-- Raw data follows --

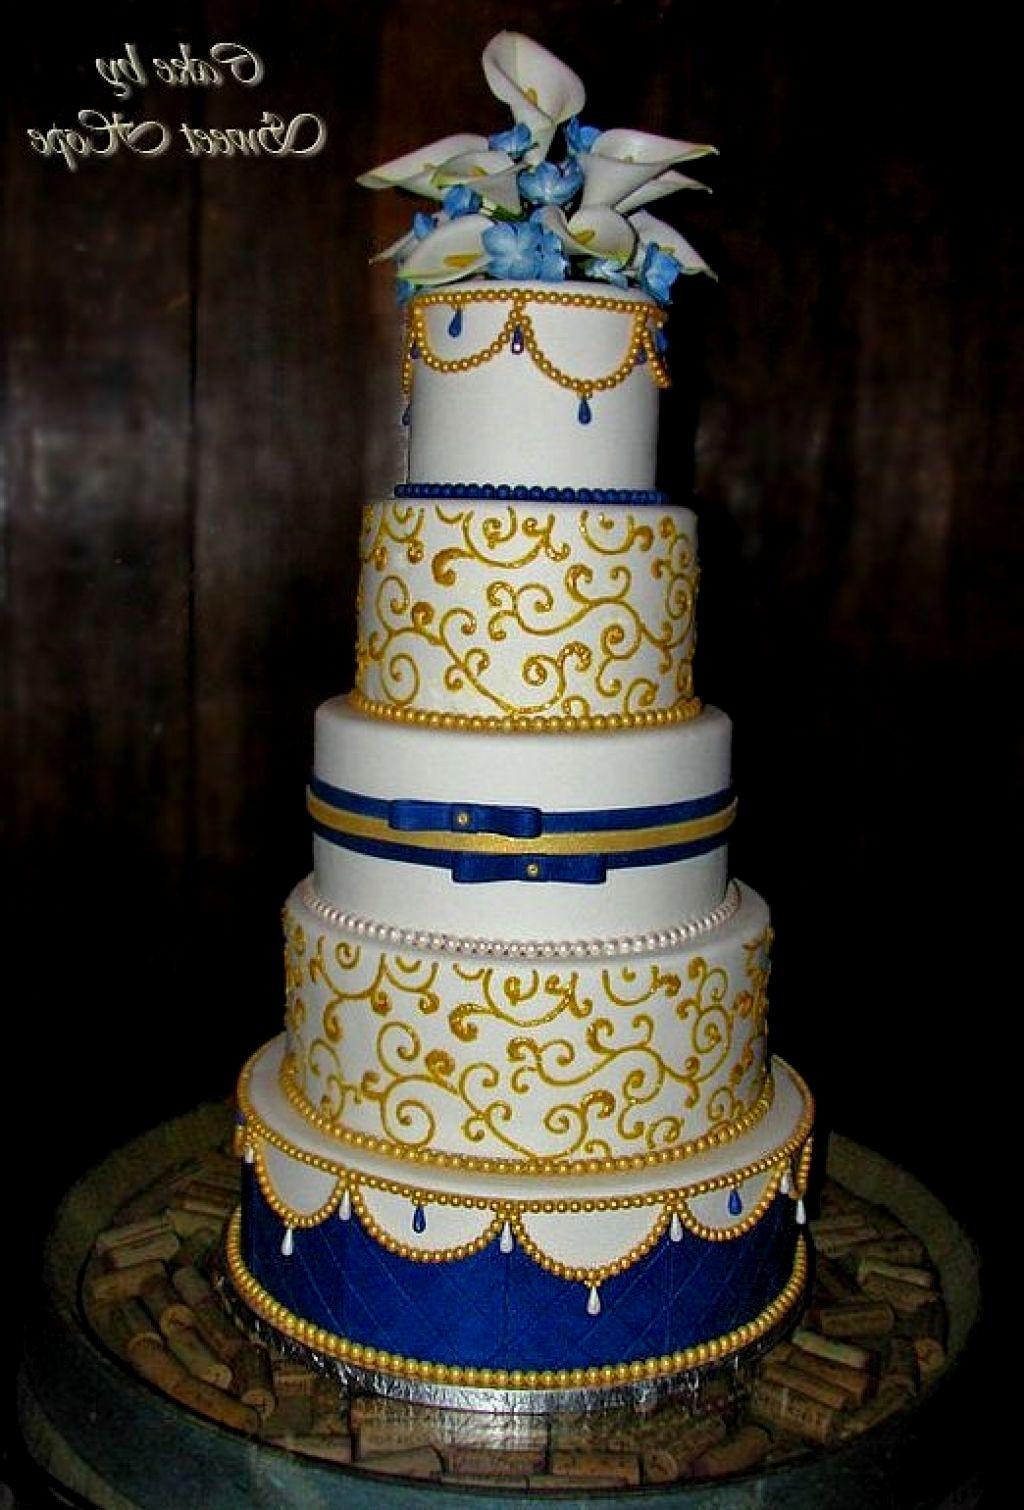 Royal Blue And Gold Wedding Cakes  Royal blue and gold wedding cakes idea in 2017
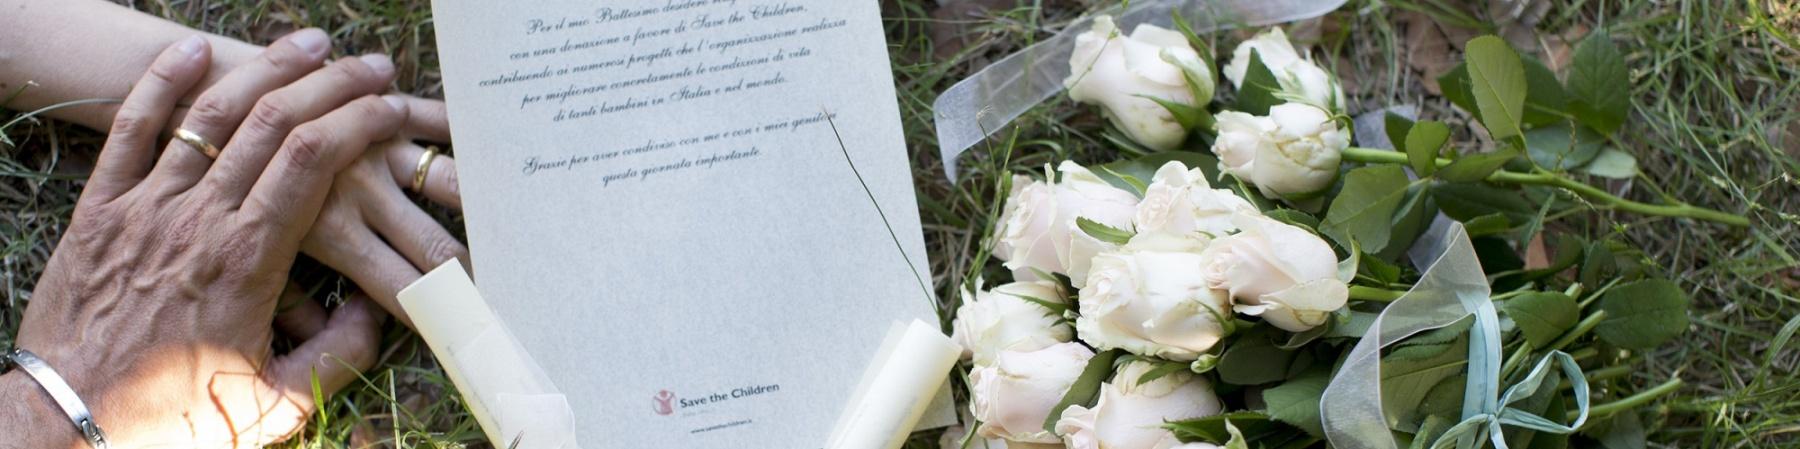 Lista nozze testimonianza
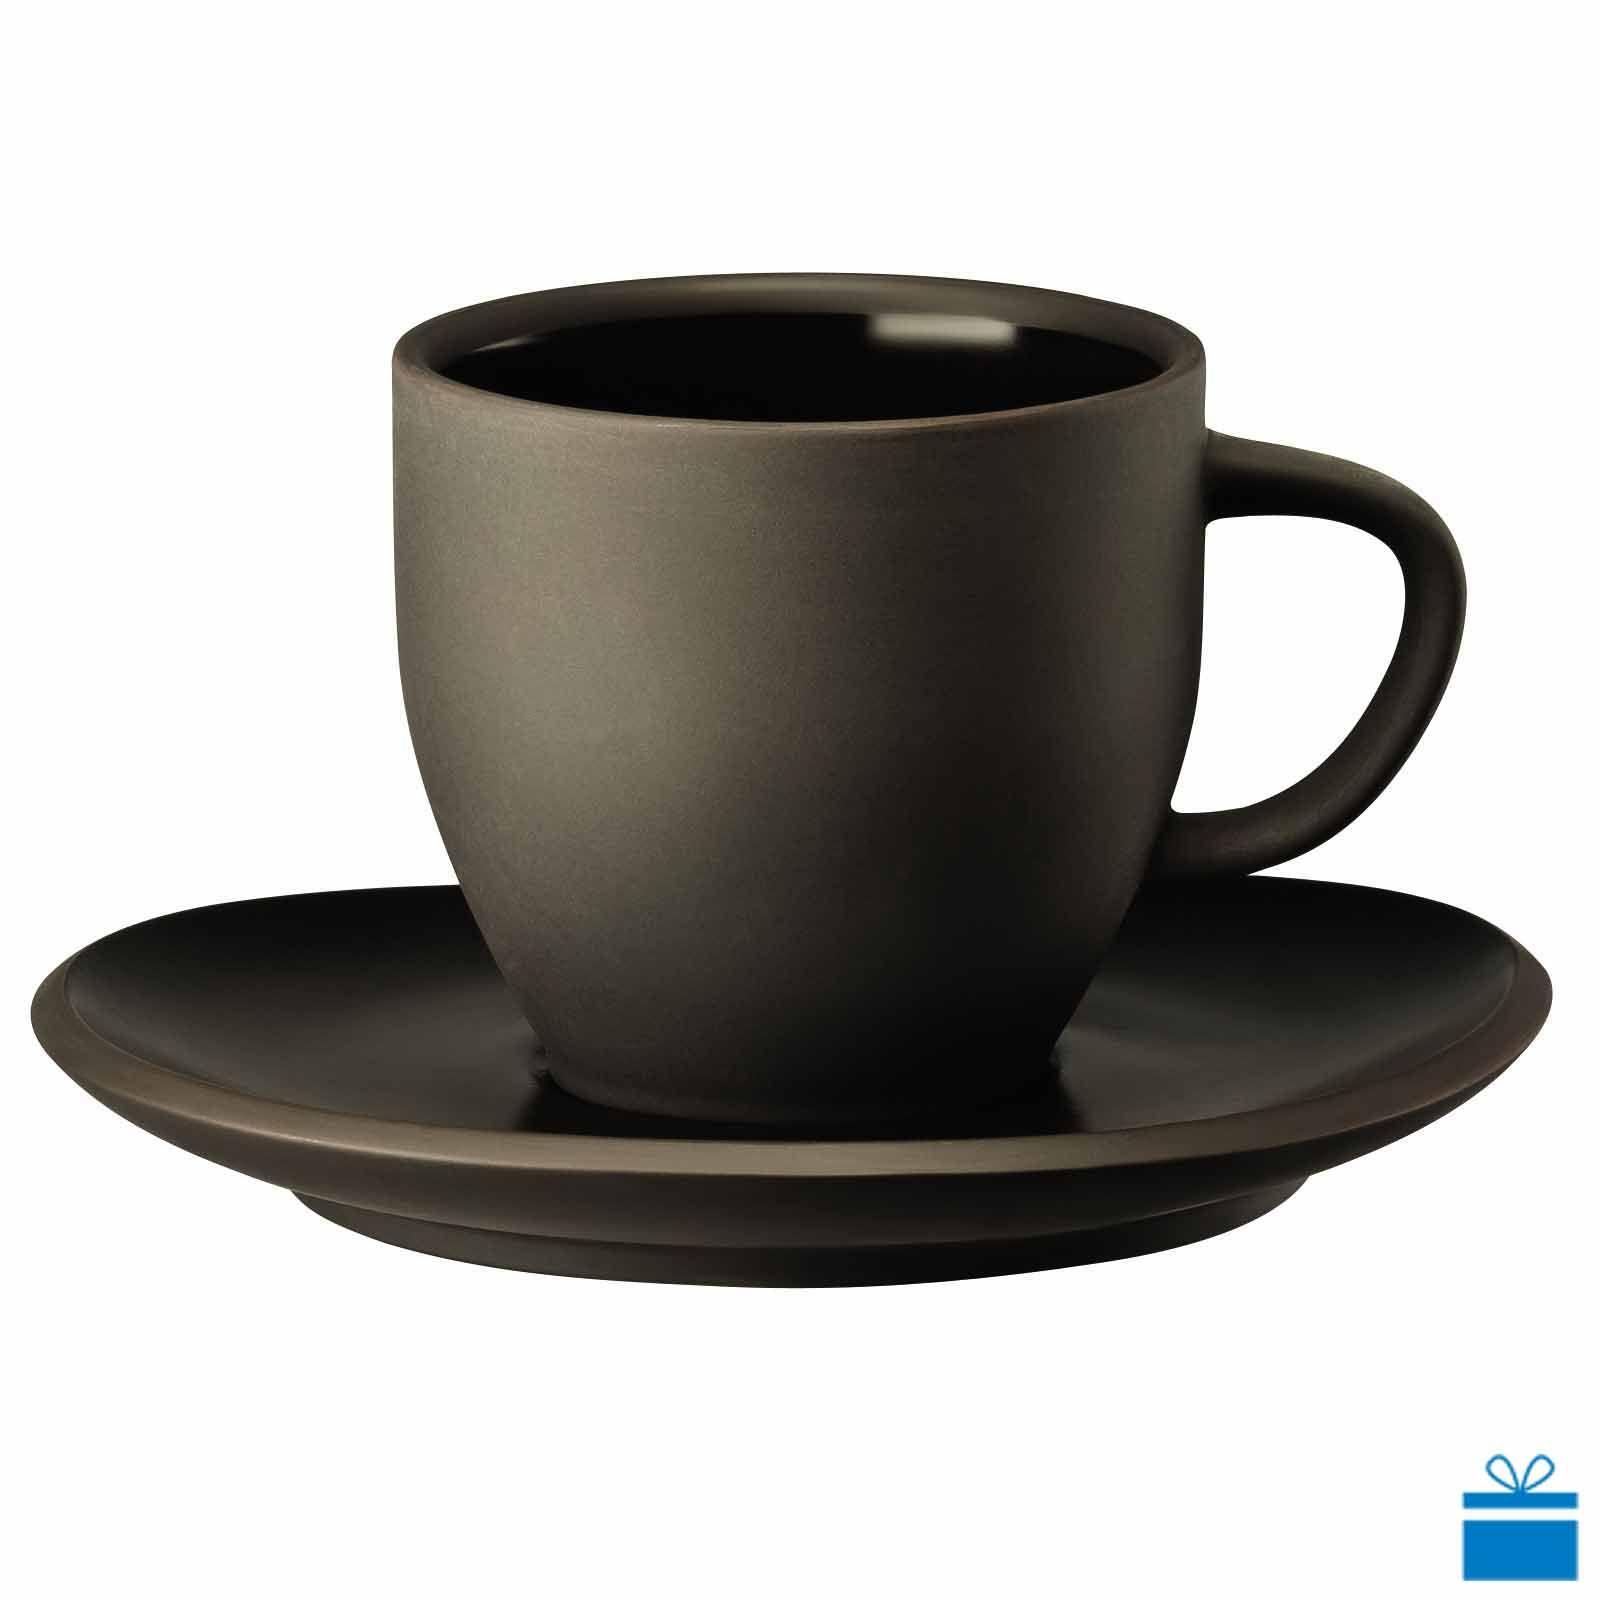 Steinzeug Steingut rosenthal neuheit serie junto slategrey tassenset kaffeetasse

-- Raw data concluded --

Problem to work on
Reproduce the data above word for word, but leave the images out.

Task output
 Royal Blue And Gold Wedding Cakes  Royal blue and gold wedding cakes idea in 2017
 Lista nozze testimonianza
 Steinzeug Steingut rosenthal neuheit serie junto slategrey tassenset kaffeetasse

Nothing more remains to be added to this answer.